To do something when the difference is less than 8 hours, you can do something like this:
LocalDateTime ldt1 = LocalDateTime.of(2017, 07, 06, 23, 30, 00);
LocalDateTime ldt2 = LocalDateTime.of(2017, 07, 07, 1, 30, 00);
Duration d1 = Duration.between(ldt1, ldt2);
Duration d2 = Duration.ofHours(8);
if (d1.compareTo(d2) > 0) {
System.out.println("do nothing");
} else {
System.out.println("do something");
}
My understanding is that you want to get the difference between those 2 dates and "break" it in terms of how many hours, minutes and seconds this difference is.
You can use the Duration class as already explained.

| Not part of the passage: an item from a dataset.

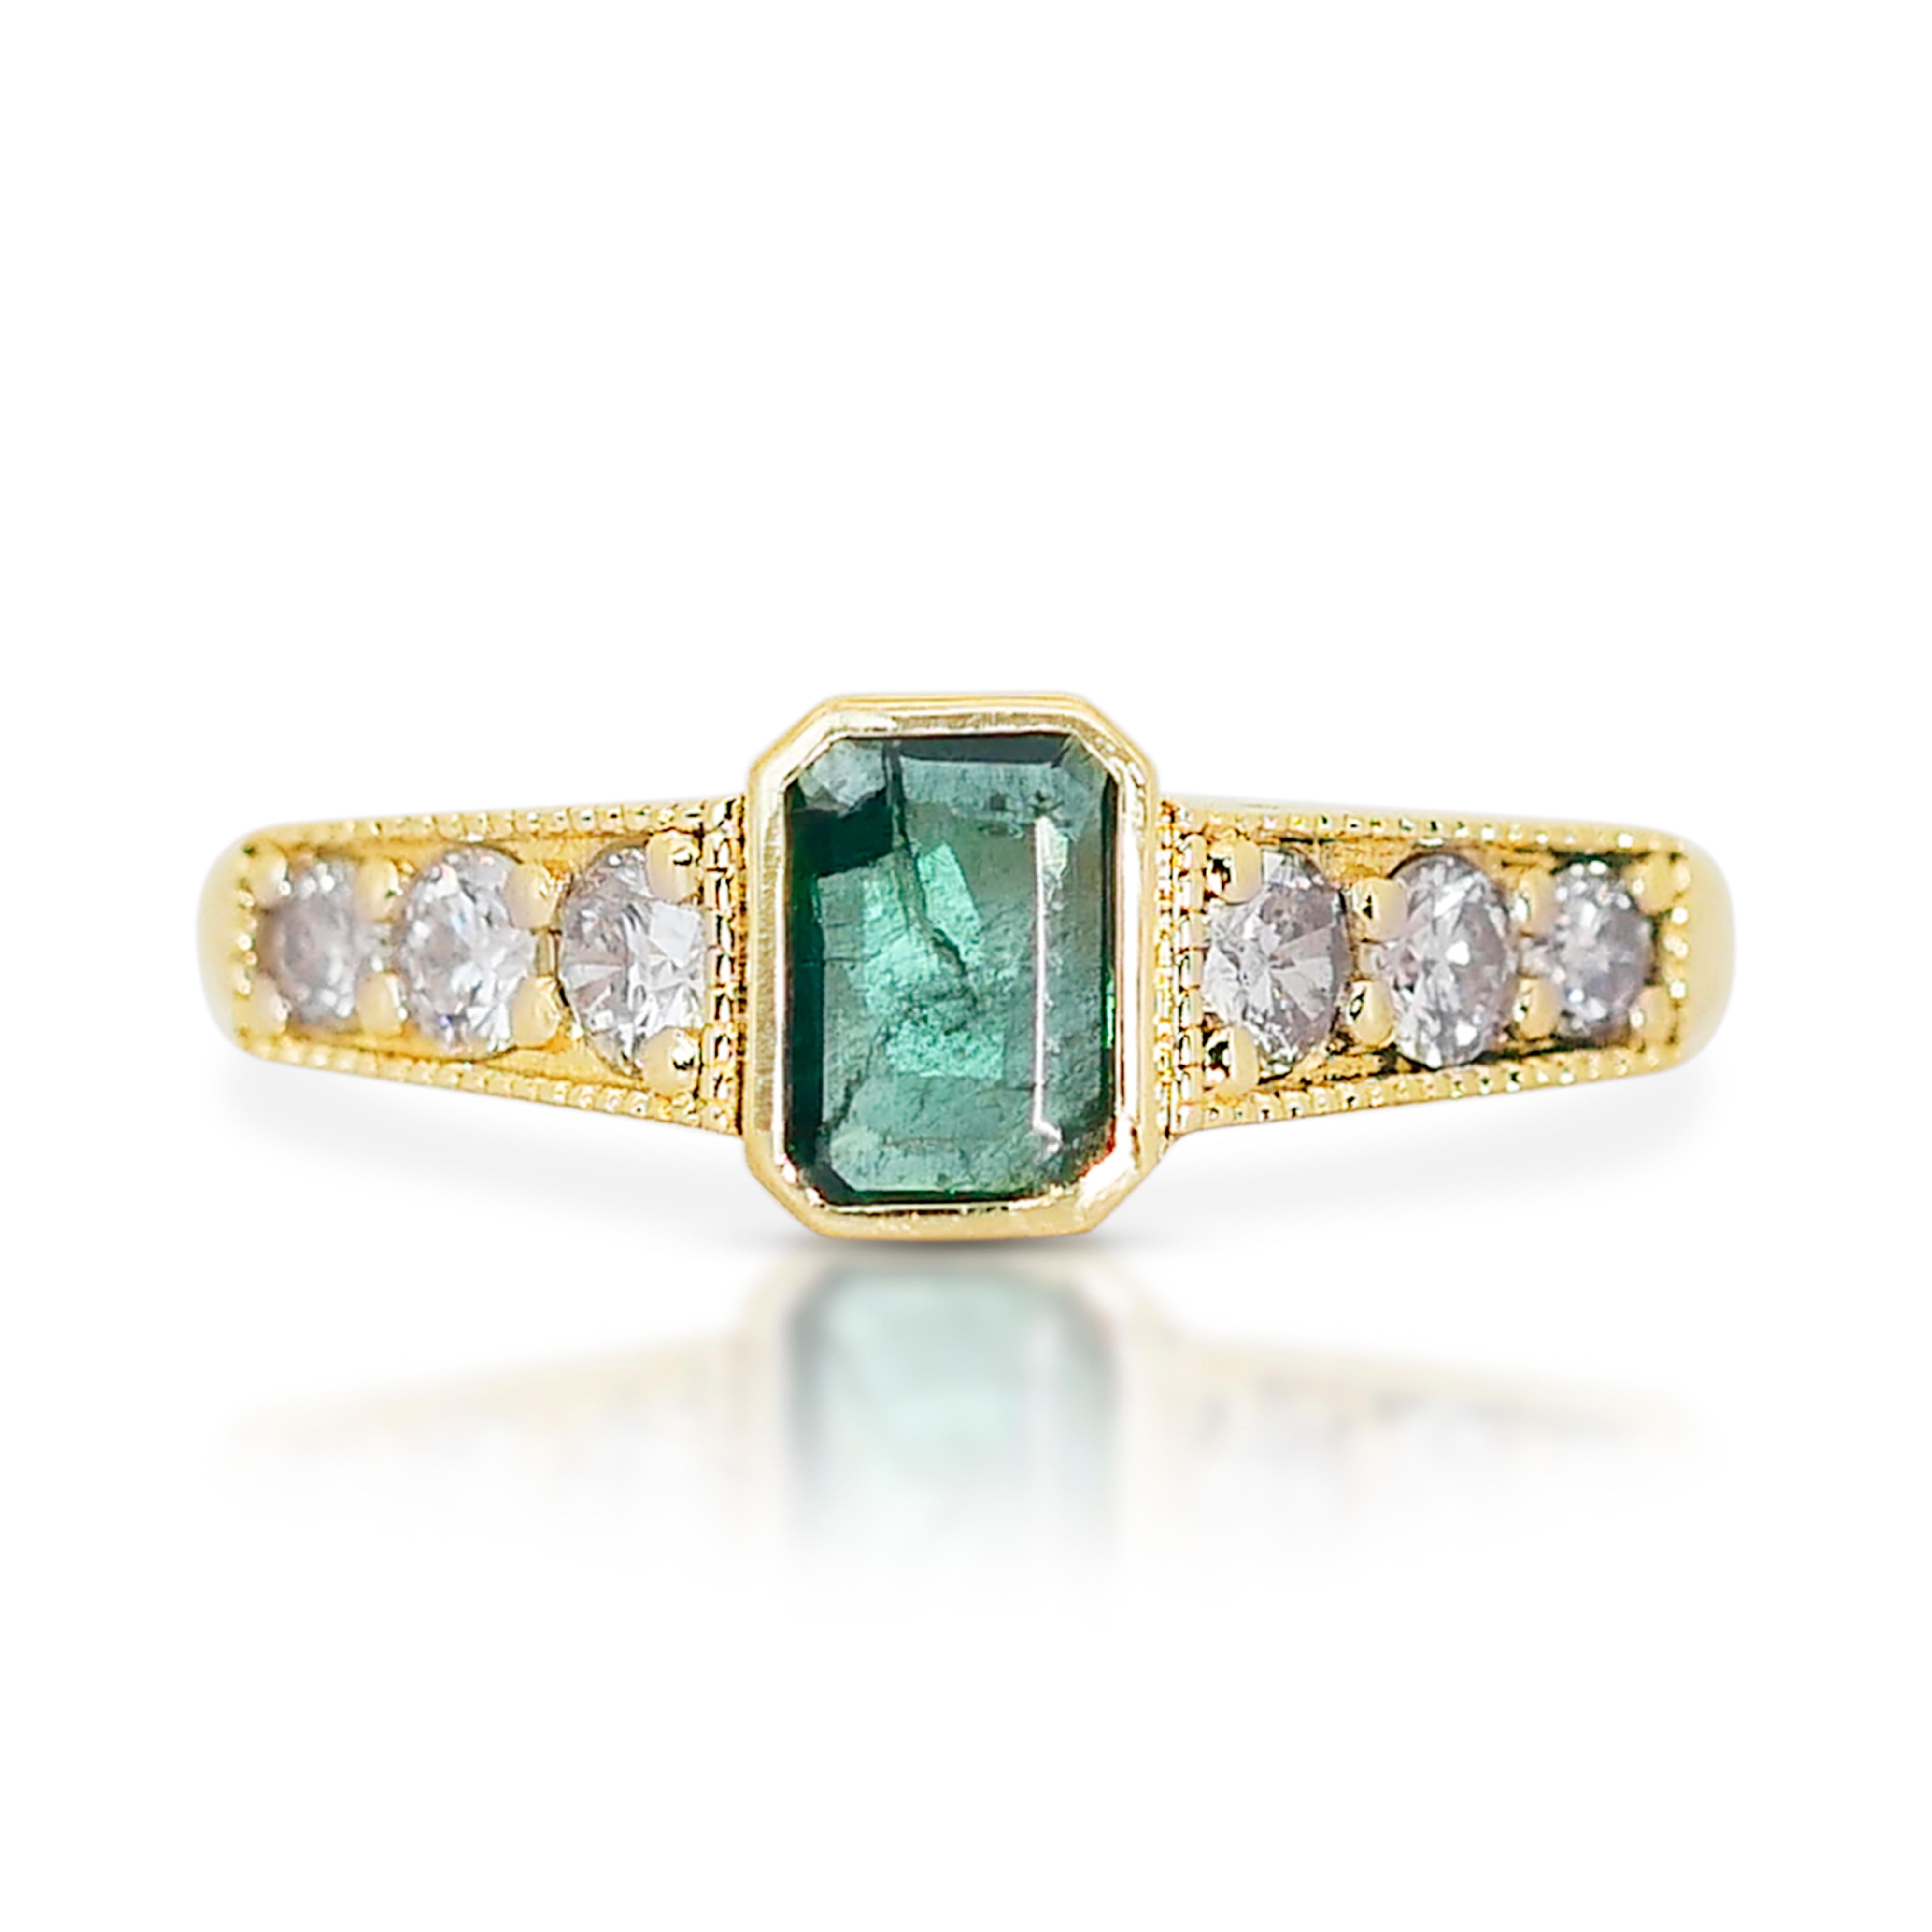 Bezaubernde 14k Gelbgold Smaragd und Diamant Pave Ring w/0,89 ct - IGI zertifiziert

Dieser bezaubernde Ring aus leuchtendem 14-karätigem Gelbgold zeichnet sich durch eine wunderschöne Kombination aus einem fesselnden Smaragd und funkelnden

But the Duration calculates the difference in seconds and nanoseconds, so you'll have to do some math to get this amount of seconds in separate fields:
LocalDateTime d1 = LocalDateTime.of(2017, 7, 6, 23, 30, 0);
LocalDateTime d2 = LocalDateTime.of(2017, 7, 7, 7, 0, 55);
Duration duration = Duration.between(d1, d2);
// total seconds of difference (using Math.abs to avoid negative values)
long seconds = Math.abs(duration.getSeconds());
long hours = seconds / 3600;
seconds -= (hours * 3600);
long minutes = seconds / 60;
seconds -= (minutes * 60);
System.out.println(hours + " hours " + minutes + " minutes " + seconds + " seconds");
In Java 9 and later, you can call the new Duration::to…Part methods to get number of days, hours, minutes, or seconds rather than calculate the numbers yourself.
The output will be:
7 hours 30 minutes 55 seconds
And the variables hours, minutes and seconds will have the respective values of 7, 30 and 55. If you also want the nanoseconds, just call duration.getNano() to get the respective value (in the example above, it's 0).
If I test with different values:
LocalDateTime d1 = LocalDateTime.of(2017, 7, 6, 23, 30, 0);
LocalDateTime d2 = LocalDateTime.of(2017, 7, 7, 1, 30, 0);
The result will be:
2 hours 0 minutes 0 seconds
If you just want the difference in hours, you can use:
ChronoUnit.HOURS.between(d1, d2);
You can optionally use Math.abs to avoid negative values.
This will return the difference in hours, ignoring the remaining minutes and seconds: in the first example (d2 = LocalDateTime.of(2017, 7, 7, 7, 0, 55)) it will return 7 and in the second example (d2 = LocalDateTime.of(2017, 7, 7, 1, 30, 0)) it will return 2.